My mother sighed deeply. “Where did we go wrong with you? You didn’t learn this behavior from me. When I was your age, I never had new clothes. All I had were the items my sisters handed down to me. The only reason I dressed as nicely as I did was because I taught myself to sew and—”
“Is this where you tell us how you only had one pair of wool socks when you were a girl and you had to hand wash them every night?” I whined. 23
“I can’t believe she has any friends the way she acts,” my brother added. Why couldn’t I have been born an only child?
“Shove it, frat boy. Mom, do you see the problem I have? Shelly just threw down the gauntlet, OK? She issued a challenge. If she’s going to label me in a public forum, then I have to be the preppiest preppy to ever walk the halls of my high school. Now that I’ve been singled out, I’m obligated to deliver. People are going to expect it. I didn’t start this feud, but I’ll be damned if I don’t finish it. So, I’m going to need a LOT of new stuff for back to school. Why don’t you get Dad’s credit card and we can start shopping now. You know, beat the rush and all.”
“Ha! Good one, Jen.”
“You’re not going to help me? Why? Because of your boring sock story?”

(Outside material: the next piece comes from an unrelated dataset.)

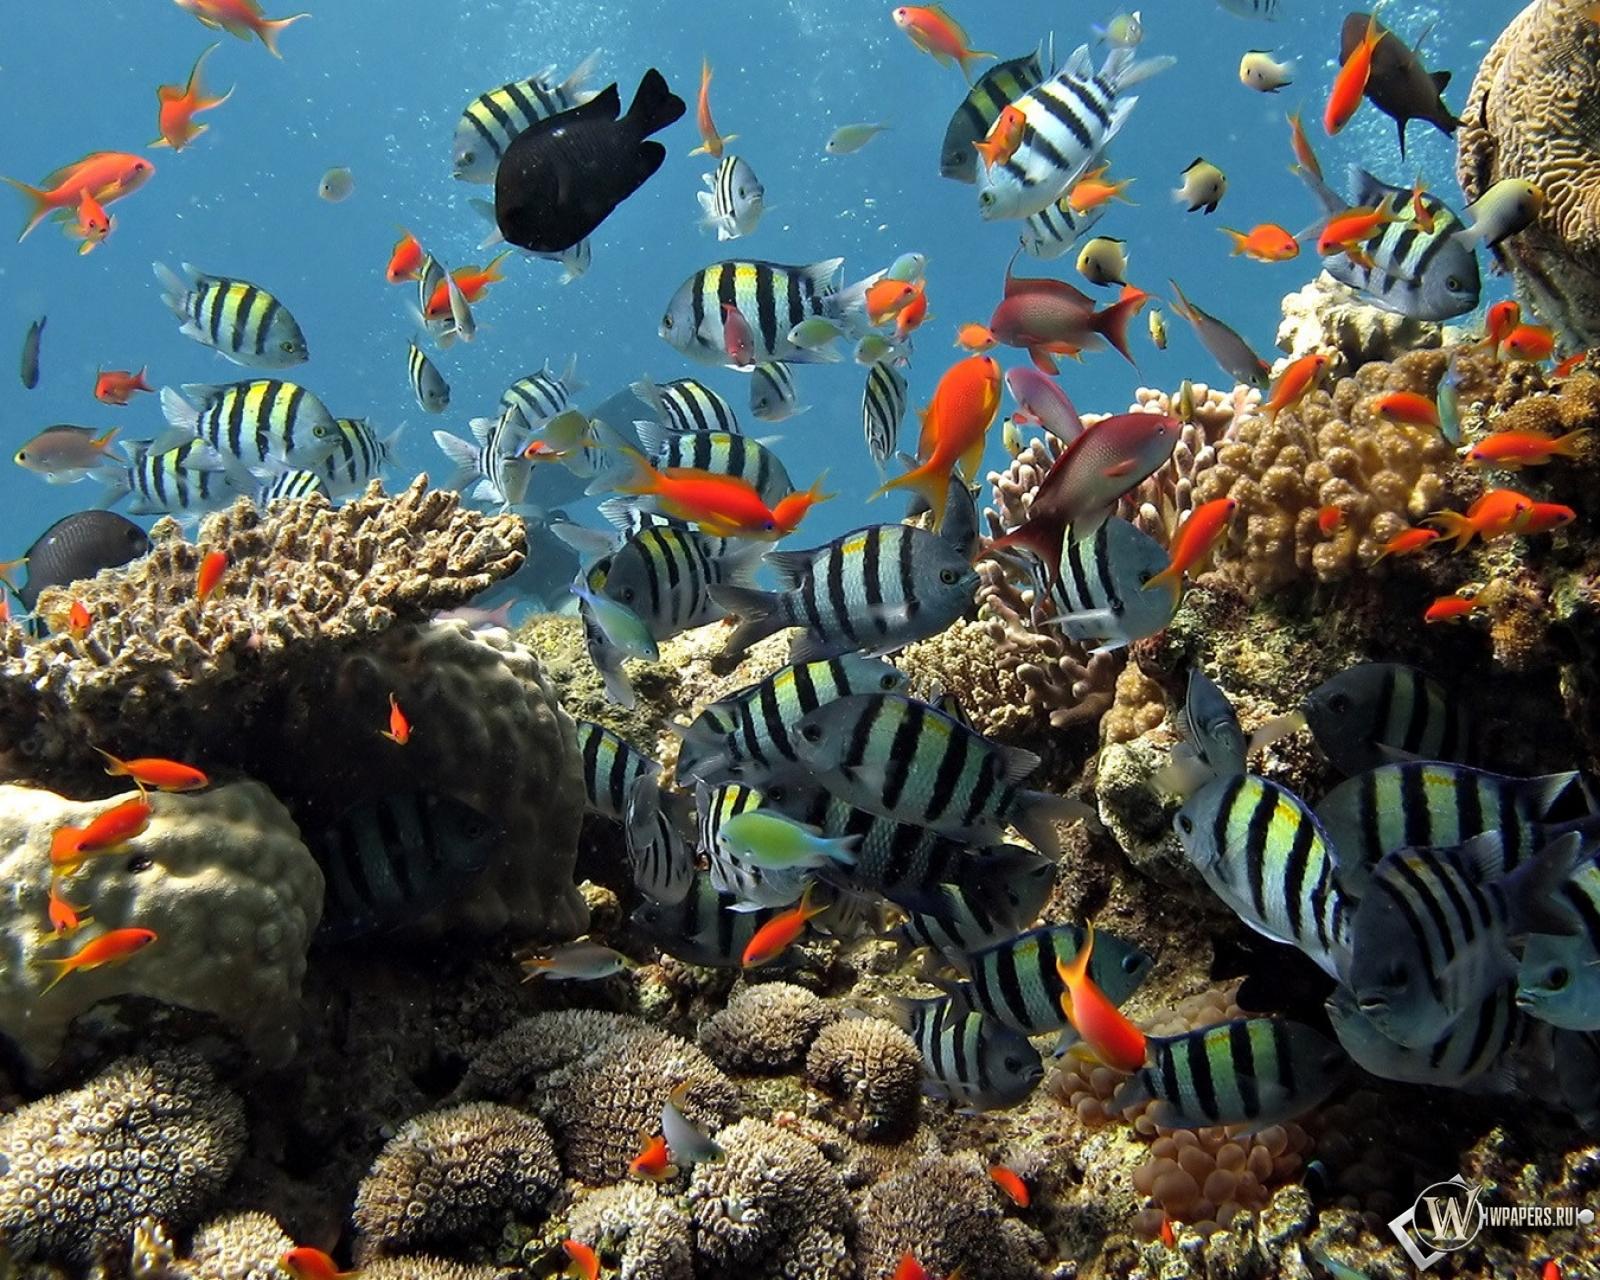 Подводный мир шарм эль шейха 1600x1280

“You get $100 for back-to-school clothes, and you know it, and that amount will decrease if you don’t watch it with the cusses. If you want more than I plan to pay for, then I suggest you get a job.”
“How am I supposed to do that? I can’t drive yet, and there’s no place to work in this stupid subdivision.”
“When I was your age, I made money for fabric by watching my sister’s children. This neighborhood is full of kids—why don’t you give babysitting a try?”
“But I hate kids.”
“Yet you love money.”
“You make an excellent point.”
Why had I never considered babysitting before? Our neighborhood was crawling with little kids…. It was a veritable gold mine! I quickly ran figures in my head—if I could earn fifty dollars a week for the next ten weeks of summer, then—holy cats!—I’d be the best-dressed girl in the whole TOWN. Visions of pink oxford cloth and tartan plaid danced in my head. With five hundred dollars, I’d get tassel AND penny loafers, puffy velvet headbands, whale-print mini-skirts, and a Bermuda bag to match every outfit!
“Do you think if I typed up a flyer Dad’s secretary could make copies? That way I could pass them out to neighbors.”